Она взглянула на него и озадаченно нахмурилась.
– Марина Грегг, – пояснил он, – пока еще жива.
– Надолго ли?
– Как вас понимать?
– Разве вам не кажется, инспектор, что кто-то попробует повторить попытку и на сей раз, скорее всего, добьется успеха?
– Приняты меры предосторожности.
– Разумеется. Обожающий муж бдительно несет вахту и следит за тем, чтобы с женой ничего не случилось? – В голосе ее явно слышалась издевка. – Значит, вы спрашивали меня не об этом, – сказала она, видимо все еще озадаченная. – О чем же?
– О том, пытались ли вы убить ее. Вы ответили, что вы ее не убивали. Это правда, но другой-то человек умер, другого человека убили.
– Вы намекаете на то, что я пыталась убить Марину и по ошибке убила миссис… не помню, как ее звали. Если вам требуется полная ясность, могу сказать: я не пыталась отравить Марину и не отравила миссис Бэдкок.
– Может быть, вы знаете, кто это сделал?
– Уверяю вас, инспектор, не знаю абсолютно ничего.
– И даже никого не подозреваете?
– Ну, подозревать и строить догадки может любой, – она улыбнулась ему, опять-таки насмешливо. – В числе прочих убийцей может быть – вы со мной согласитесь? – черноволосая робот-секретарша, элегантный Хейли Престон, слуги, горничные, массажистка, парикмахерша, кто-то с киностудии, и, вполне возможно, этот человек совсем не тот, за кого себя выдает?
Неосознанно он сделал шаг в ее сторону, но она яростно замотала головой.
– Успокойтесь, инспектор, – сказала она. – Я просто вас поддразниваю. Кто-то жаждет Марининой крови, но кто – понятия не имею. Честное слово. Не имею понятия.
Глава 16
I
В доме номер 16 по Обри-клоуз миссис Бейкер разговаривала с мужем. Джим Бейкер, видный здоровяк блондин, в эту минуту собирал макет стратостата и был полностью поглощен этим занятием.
– Соседи! – воскликнула Черри. И тряхнула своими черными кудрявыми локонами. – Соседи! – ядовито прошипела она еще раз.
Она осторожно подняла сковородку с плиты, аккуратно переложила содержимое в две тарелки, сделав две неравные порции.

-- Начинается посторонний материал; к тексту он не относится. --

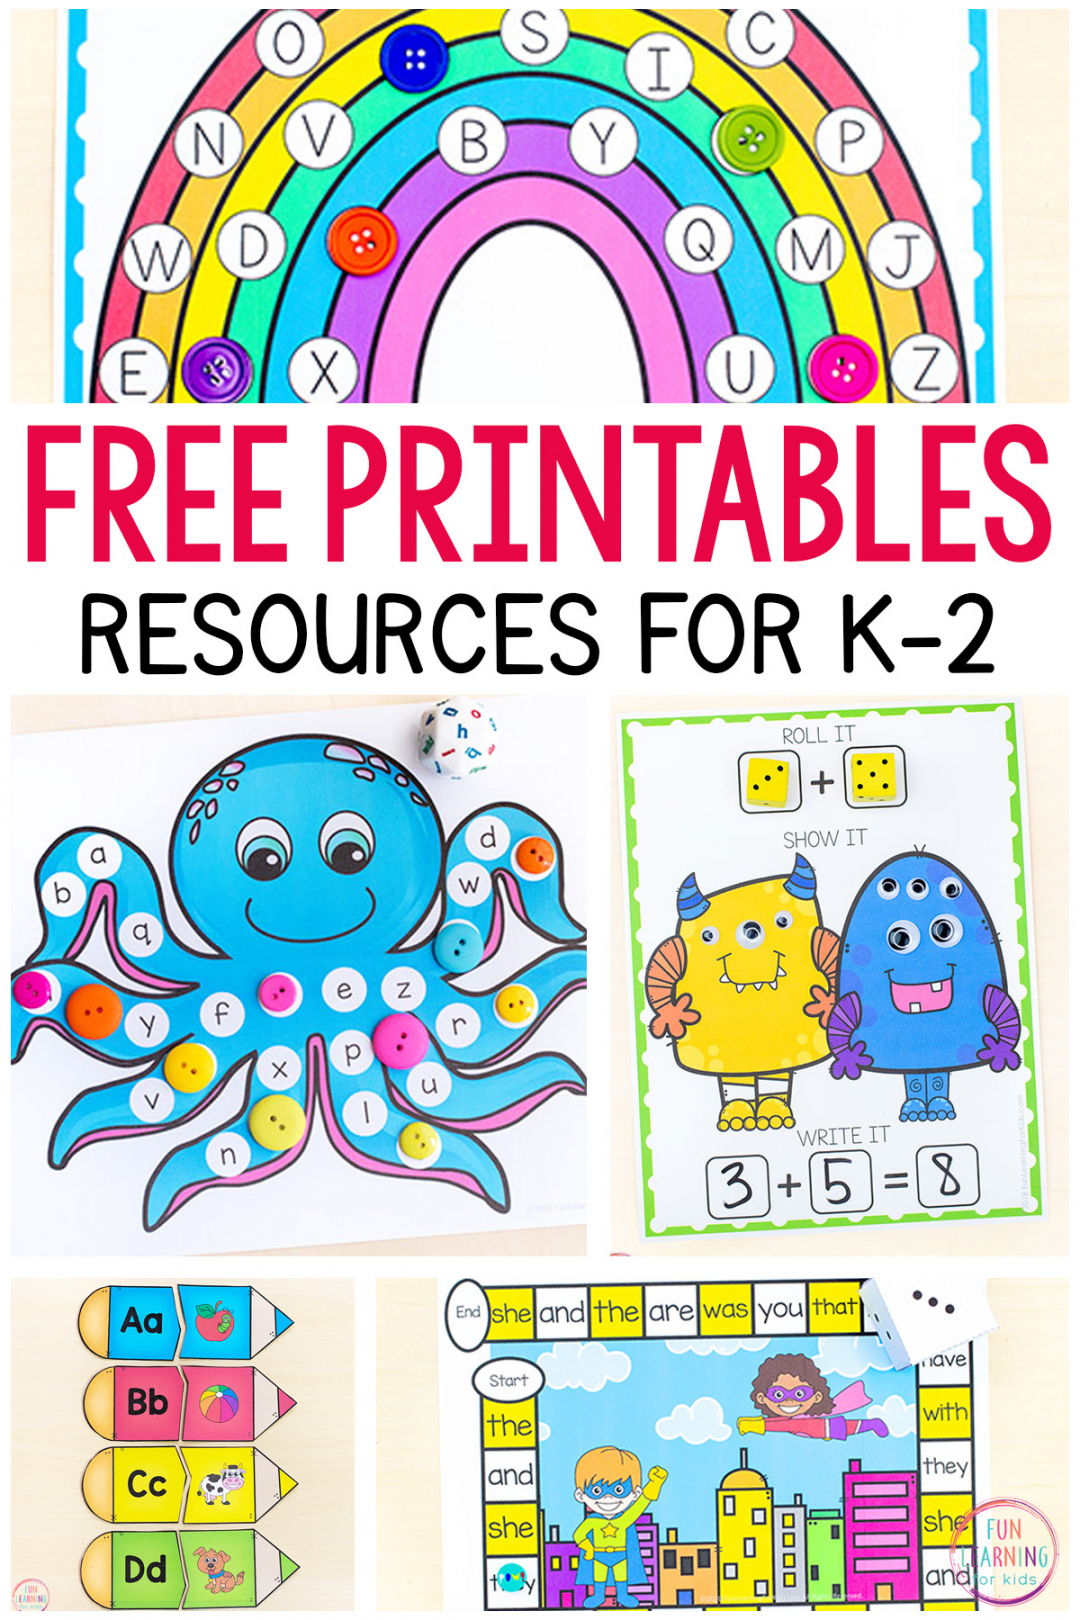 Free Printables For Preschool - Printable - + Free Printables and Activities for Kids

Тарелку, где еды было больше, она поставила перед мужем.
– Сегодня у нас жареное мясо, – объявила она.
Джим поднял голову и оценивающе потянул носом воздух.
– Чувствую, – сказал он. – Что у нас сегодня за праздник? Мой день рождения?
– Тебе нужно хорошо питаться, – объяснила Черри.
В кремово-белом полосатом переднике с оборочками она выглядела обворожительно. Джим Бейкер чуть сдвинул в сторону составные части стратостата, чтобы освободить место для тарелки. Одарив жену широкой улыбкой, он спросил:
– Это кто сказал?
– К примеру, моя мисс Марпл! Если на то пошло, – добавила Черри, садясь напротив Джима и пододвигая к себе другую тарелку, – ей и самой не мешало бы подкормиться. Эта ее старая пантера, мисс Найт, потчует ее одними углеводами. Только и знает что «чудесная каша», «чудесный пшеничный пудинг с маслом», «чудесный сыр с макаронами». И снова мягкий пудинг в розовом соусе. И целыми днями не дает ей покоя. Кажется, может заговорить до смерти.
– Ну, знаешь, – неопределенно пробурчал Джим. – Может, для инвалидов такая диета – в самый раз.
– Ничего себе, – фыркнула Черри, – для инвалидов! Мисс Марпл совсем не инвалид, просто лет ей много. И главное, всегда во все влезает!
– Кто, мисс Марпл?
– Нет. Эта ее мисс Найт. Меня учить изволит! Даже имеет наглость советовать, как готовить. Уж в готовке я как-нибудь лучше ее разбираюсь.
– Ну, тут тебе просто нет равных, – уважительно вставил Джим.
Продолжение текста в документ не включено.